Shale Production to Drop | Russell T. Rudy Energy LLC
“World Oil” reports that shale oil and gas production is finally going to fall. In spite of a 70% drop in the price of crude oil over the last 20 months, production has remained relatively flat. Shale operators have proven very resourceful, employing a number of strategies such as using drilling wells but not completing them (DUC’s), refracking, retreating to the core of major plays, hedging via futures contracts, selectively shutting in wells, cutting capital and laying off workers.
Unfortunately, all these efforts to keep production up have just sustained a world-wide oil glut. With OPEC in general, and Saudi Arabia in particular, determined to maintain market share regardless of the price impact, it appears that domestic shale producers will have to cut output if the surplus is going to be reduced.
Apache, Continental Resources, Whiting and Devon all expect their oil production to be down from 10-15% in 2016, as operators try to hoard cash in order to meet debt payments. Scott Sheffield, CEO at Pioneer Natural Resources Co., expects output in the Eagle Ford shale of South Texas to drop by 100,000 barrels of oil per day to 1 million.

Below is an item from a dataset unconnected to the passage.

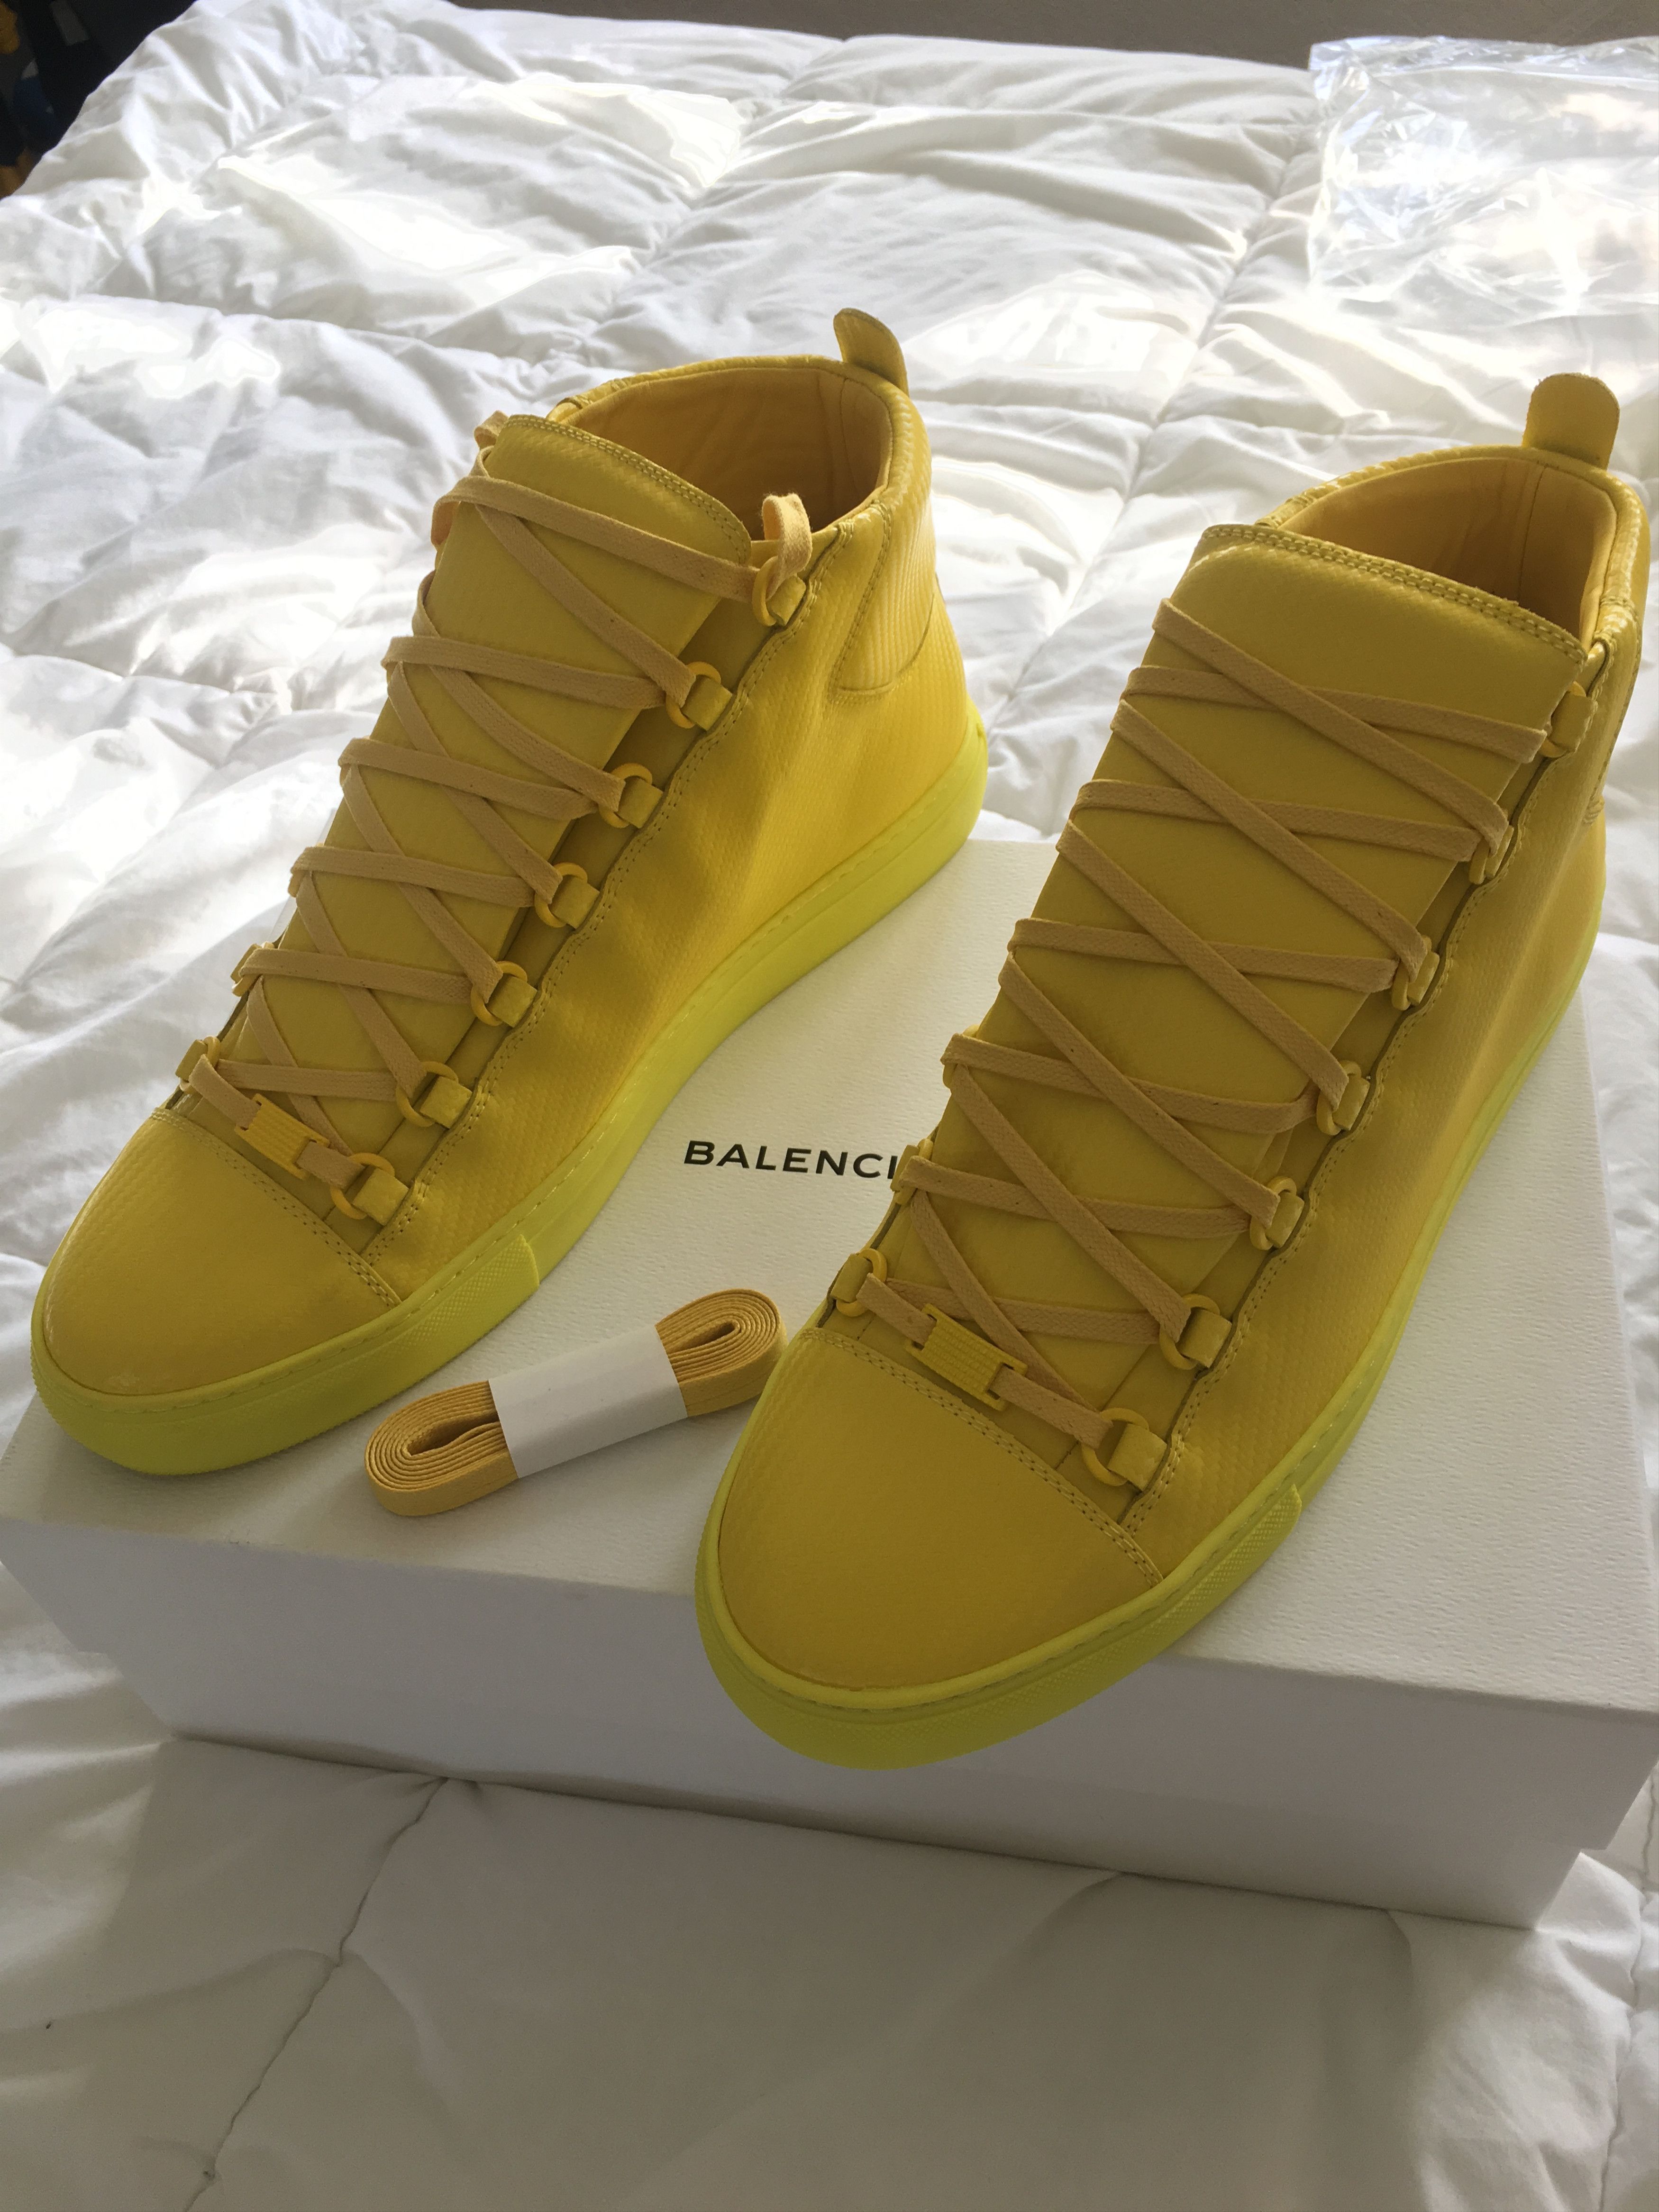 Balenciaga Arena Carbon Design Sneakers (yellow) | Grailed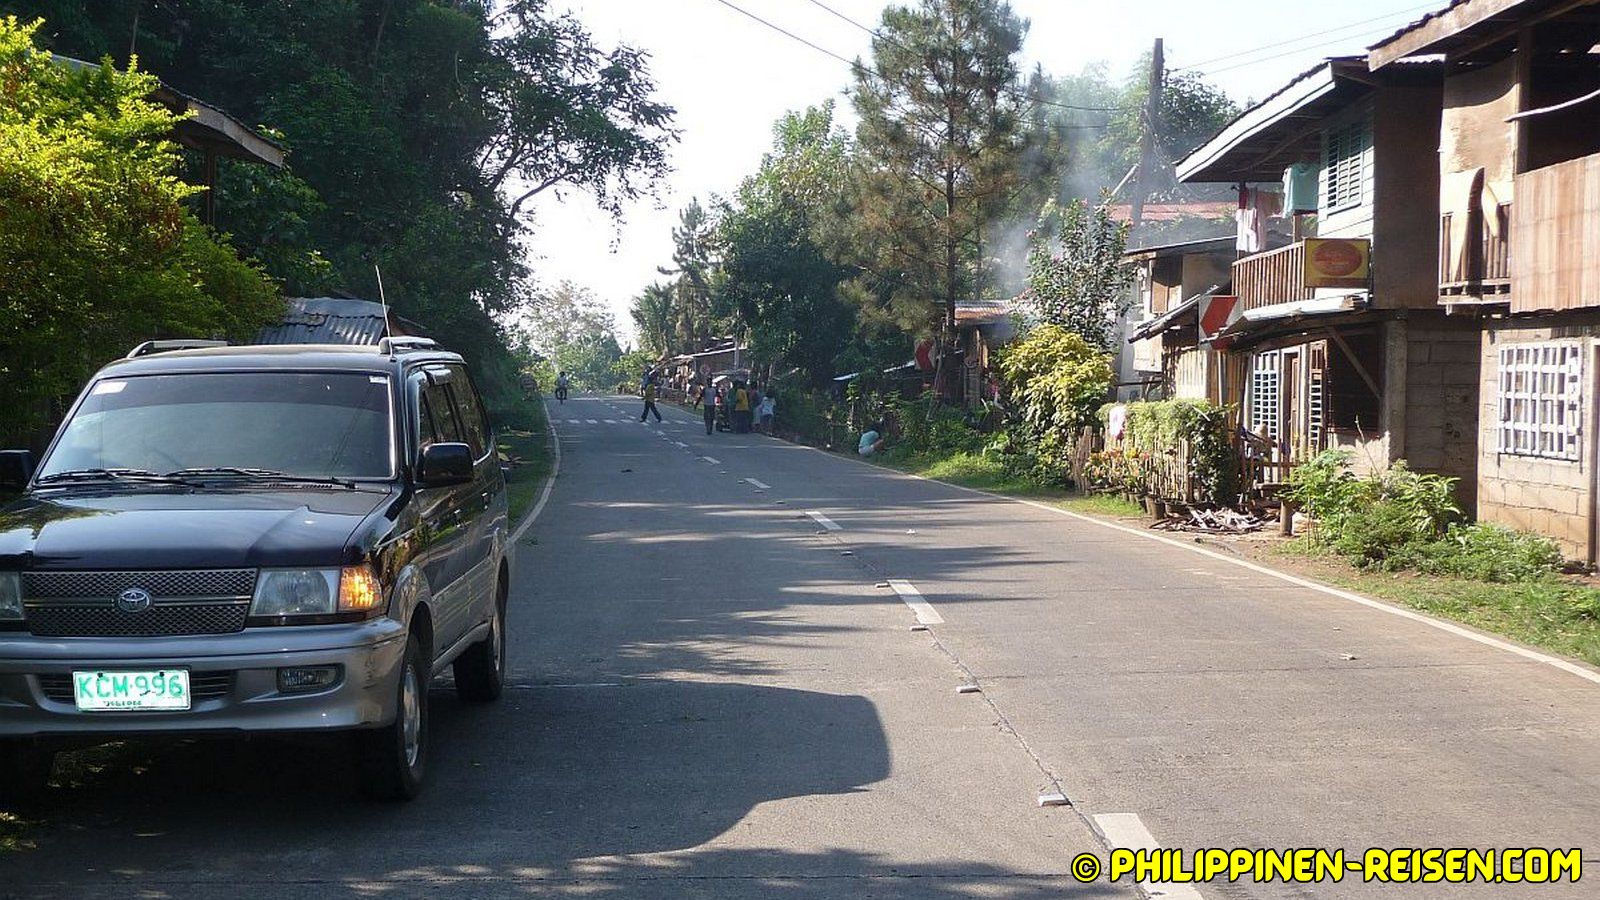 PHILIPPINEN REISEN - REISEBERICHTE - Mindanao - Unterwegs auf der N955 Foto von Sir Dieter Sokoll

Executive V. P. Robert Daniels with Anadarko summed it up well, concluding that at $30 per barrel, “we’re just not getting the returns that we would want to get.”
Subash Chandra with Guggenheim Securities observed, “We know which direction we’re going-we’re going down-in terms of volumes. The only question is at what velocity we’re going down that path.” He went on to say that he sees the oil glut continuing well into 2017, and concludes, “The changes that have to occur industrywide to deal with what we see coming are going to be dramatic.”